In our case, if we have the Edit Mesh and UVW Unwrap modifiers class IDs, we can create instances of these modifiers. And we are able to apply them programmatically on some objects in the scene (get the project).

Example 1: How to create an instance of the UVW Unwrap modifier

#ifndef UNWRAP_CLASSID #define UNWRAP_CLASSID Class_ID(0x02df2e3a,0x72ba4e1f) #endif Interface* ip = GetCOREInterface(); if ( ! ip ) return; Modifier* UVWUnwrapMod =static_cast<Modifier*> (ip->CreateInstance(OSM_CLASS_ID, UNWRAP_CLASSID));

But now that you are able to add through code modifiers to some nodes, you'd surely like to use their functions, right? This is where things become complicated. As you've probably already seen, the C++ projects generated by the 3D Studio Max wizard have the same structure: the classes are declared in the same file as their implementation in the cpp file. It's a pity that header files don't contain class definitions, because it would be so simple to include the header file of the class you need (in our case a modifier) in your project settings and link with the lib file from the class project, as we usually do when using a library.

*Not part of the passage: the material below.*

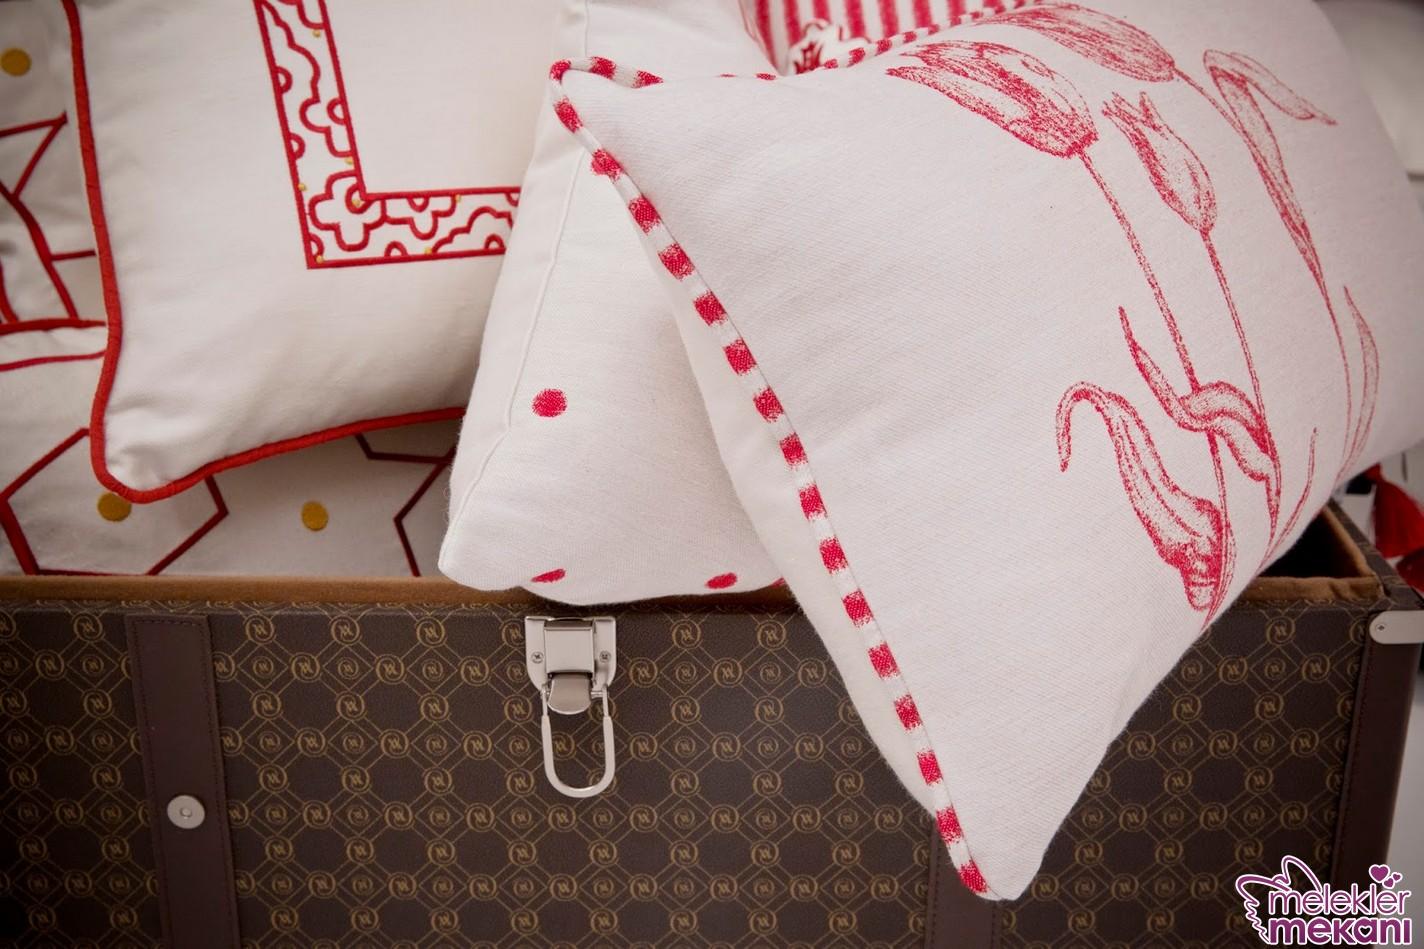 Vakko Home yastıkları ile ev dekorasyonlarınıza dekoratif zenginlik katabileceksiniz.
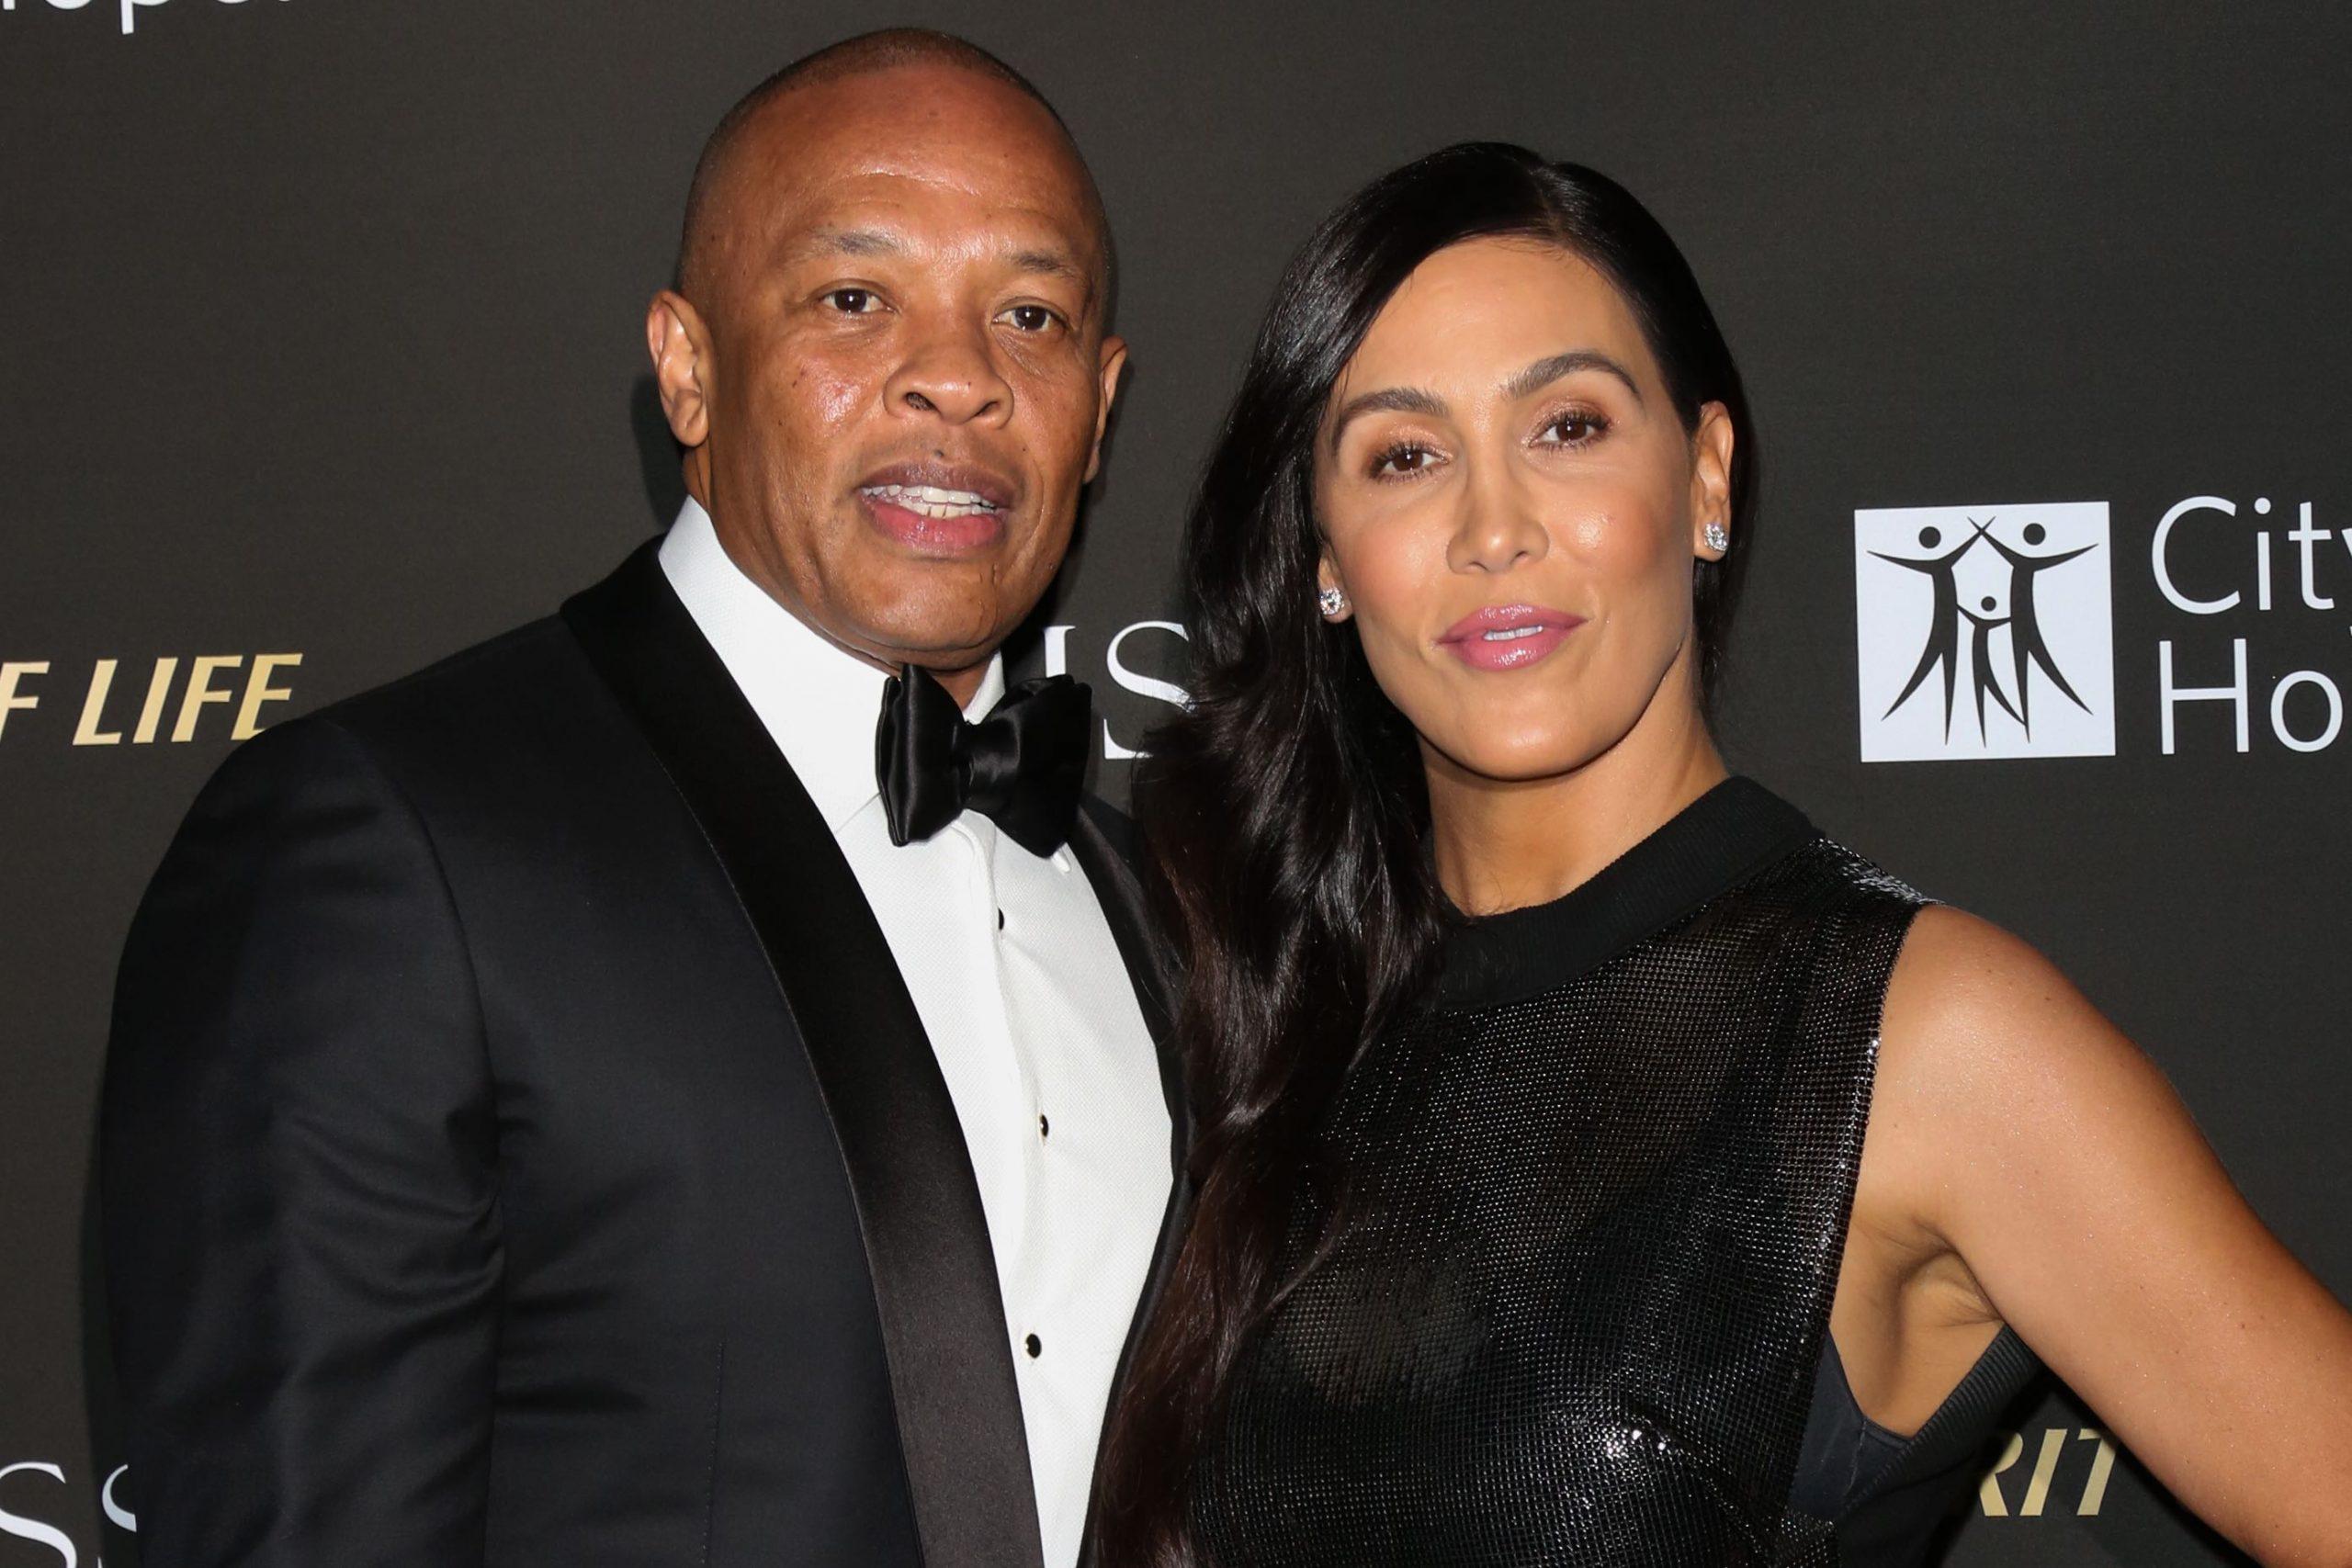 Retournement de situation! Dr Dre a un contrat prénuptial et sa femme qui  demande le divorce l'ignorait

But it's not possible to include the header files with the 3D Studio Max modifiers classes, so here's the workaround I've found. It may well not be not the best way to do this, and I imagine I'll receive a flood of e-mails suggesting better methods, but if you do need one, this works fine. It's actually just a copy and paste operation; I copy the class definitions from the original modifier cpp file in a header file in my project, then I copy all the functions of the class that I want to use (and their dependencies) in a cpp file in my project. Then I add my own functions in the class definition to extend this class.

I was then able to call functions from the modifier. As I said, there are probably much better solutions, but as usual, I only had a limited time to reach my goal so I had to make it work in any way I could! And it does work; I succeeded in driving the Edit Mesh, the UVW Map and the UVW Unwrap modifiers from a utility plug-in.

(Notably, most of these problems concerning the header files will be solved in the future, because 3D Studio Max is becoming an open source project. See http://www2.discreet.com/games/developers_corner.html for more information.)

Drawbacks of Developing a Utility

The big drawback of utilities is that when you modify an object in a utility, say, by changing the face selection set, the changes don't "stay forever." Once the viewport is redrawn, the geometry pipeline is re-evaluated (as previously described), and your changes are lost. To make your changes "stay forever," you'll need to collapse the modifier stack (HTML Link on the project). This is the main constraint that you have to keep in mind when developing a utility plug-in: modifications are only allowed on collapsed objects (objects that have their modifier stack collapsed). And sometimes the artists don't want you to collapse the modifier stack of their objects because if you do so, they won't be able to go back into the modifier stack history.

Let's introduce the Physique and Skin modifiers. They are used to assign bones to some vertices of a mesh to animate it and use inverse kinematics. Physique is designed for biped character animation; it has a predefined biped skeleton with 2 arms, 2 legs, 2 feet, a head, etc. Skin is designed to add bones to any part of a mesh; there is no predefined skeleton. If Skin or Physique modifiers are applied on a node, this node can't have its modifier stack collapsed - or all the bones-to-vertices assignation will be lost! (If a node has a modifier that stores its own information and this information can't be stored in the mesh, the modifier stack of this node can't be collapsed. Well, theoretically, it can be collapsed… it won't crash, but all your information will be lost!)